Soul_Golem said:
The definition of infallibility is: do it because I said so. Successful Christians need no such authority, because their authority comes from God. There is also a different from the Word and infallibility. The Word, as stated in the Bible, is equal to God. The notion that a man can be infallible is no different than making that claim of equality to the Word. Not everything the men who put together the Bible was straight out of the mouth of God. Yet, the Bible makes the distinction between what it teaches and what the Word says. That is what the entire religious conflict stems from. Just read your Bible, it is full of doubt that comes from righteous men called to serve God. Moses himself doubted what God would want to do with him, but after doing what he was told by God he did not pursue infallibility.
Throughout the Bible, we have men who said "Thus saith the Lord" - Moses, Isaiah, Jeremiah, Paul, etc. In essense they were say "Do as I told to do", because they we speaking the word of God, that it, God was speaking through them. They had the gift of prophecy, which is more than foretelling, it was forthtelling. Nowhere in the Bible does it say that God's revelation through humans would cease after the first century. The pope is the continuation of God revealing us His will to us.
If God has not continued to reveal His will to us, the following items has not been revealed to us because the Bible is silent on these issues?
1. Bible never says anything against polygamy. In fact, Moses, David, and Solomon had more than one wife. The closest thing is Paul say an elder must have only one wife. but there is no command in the entire Bible against poygamy. Protesatants are hold on to something that was decreed by the Catholic Church and is not in the Bible.

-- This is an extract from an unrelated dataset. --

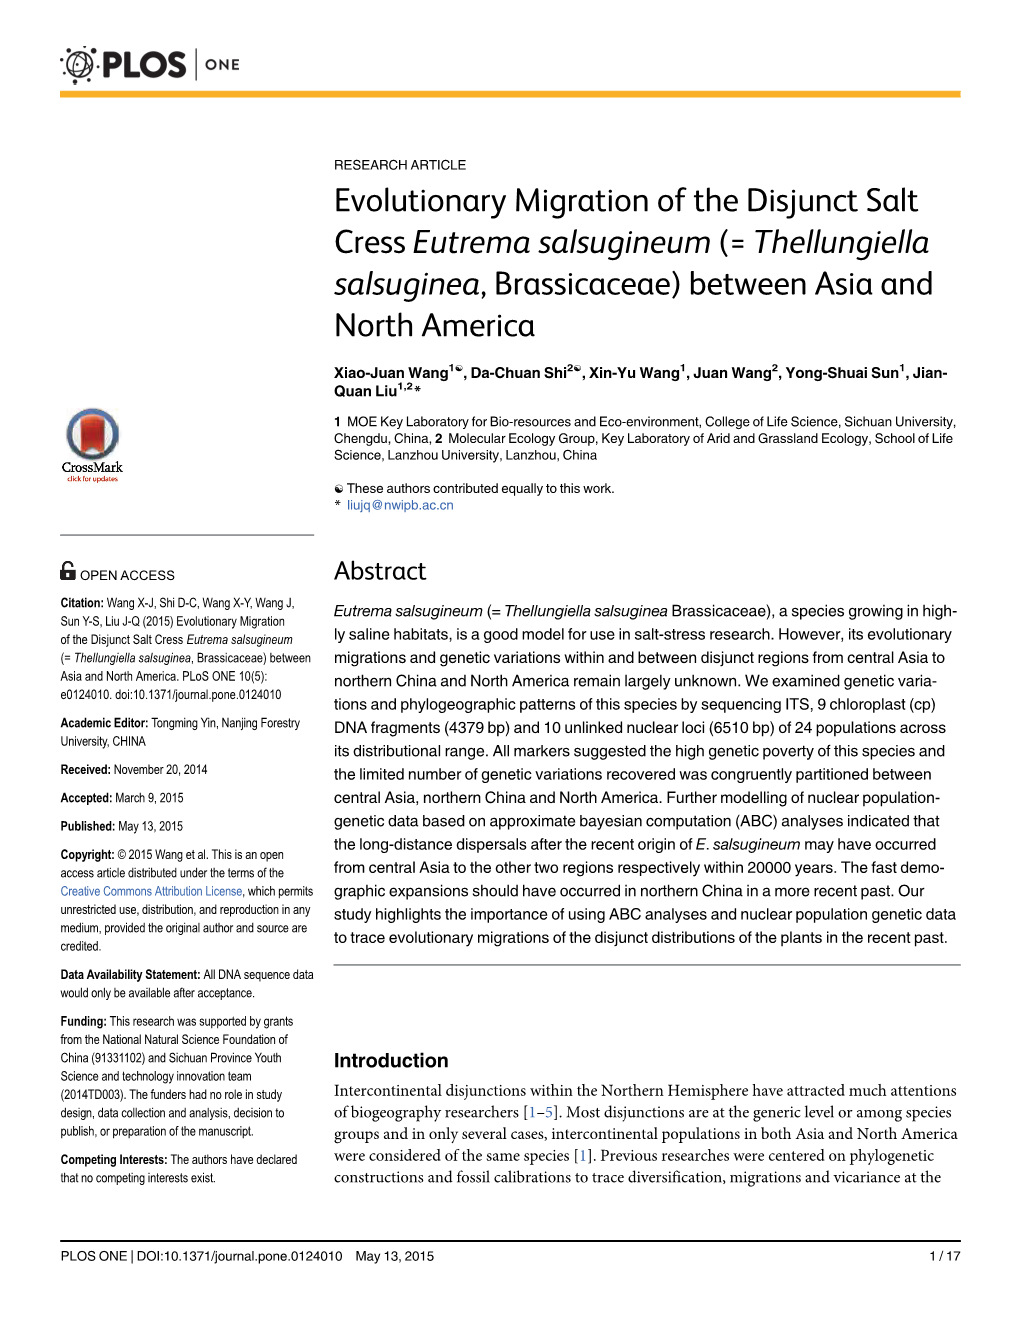 Evolutionary Migration of the Disjunct Salt Cress Eutrema Salsugineum (= Thellungiella Salsuginea, Brassicaceae) Between Asia and North America

2. The Bible itself does not provide a list of what should be in the Bible. After several councils it was decreed by the pope 405 AD. They Holy Spirit guided those Councils and the Pope to five us the Bible as we have it now. For instance, these Councils went through over 20 gospels and determined that only four (Matthew Mark, Luke and John) were from God. They rejected others such as the Gospel of Peter, the Gospel of Thomas, the Gospel of Mary Magdalene, etc. This is why the Bible today does not have these latter so-called gospels in it. As a Catholic, I have complete trust in the process of canonization that went on in the fourth century. I believe that the Holy Spirit guided the whole process. But I do not see how Protestants can. If Protestantism was consistent, Protestants should reject the canonization of scripture and start from scratch. Christian bookstores would not sell Bibles, but instead, Matthew, Mark, Romans, Galations, Revelation, etc. as individual books, along with the Gospel of Peter, Gospel of May Magdalene. It would be left up to each individual Christian what is part of canon and what is not. The what be no church telling us what we should accept as being in the Bible.
3. If we were to going only on what the Bible says, we would be worshipping God on Saturday. There is no explicit command in the Bible to worship God on Sunday.
4. There is no explicit command against human cloning in the Bible. So if we limit ourselves to what the Bible says, we cannot say human cloning is wrong.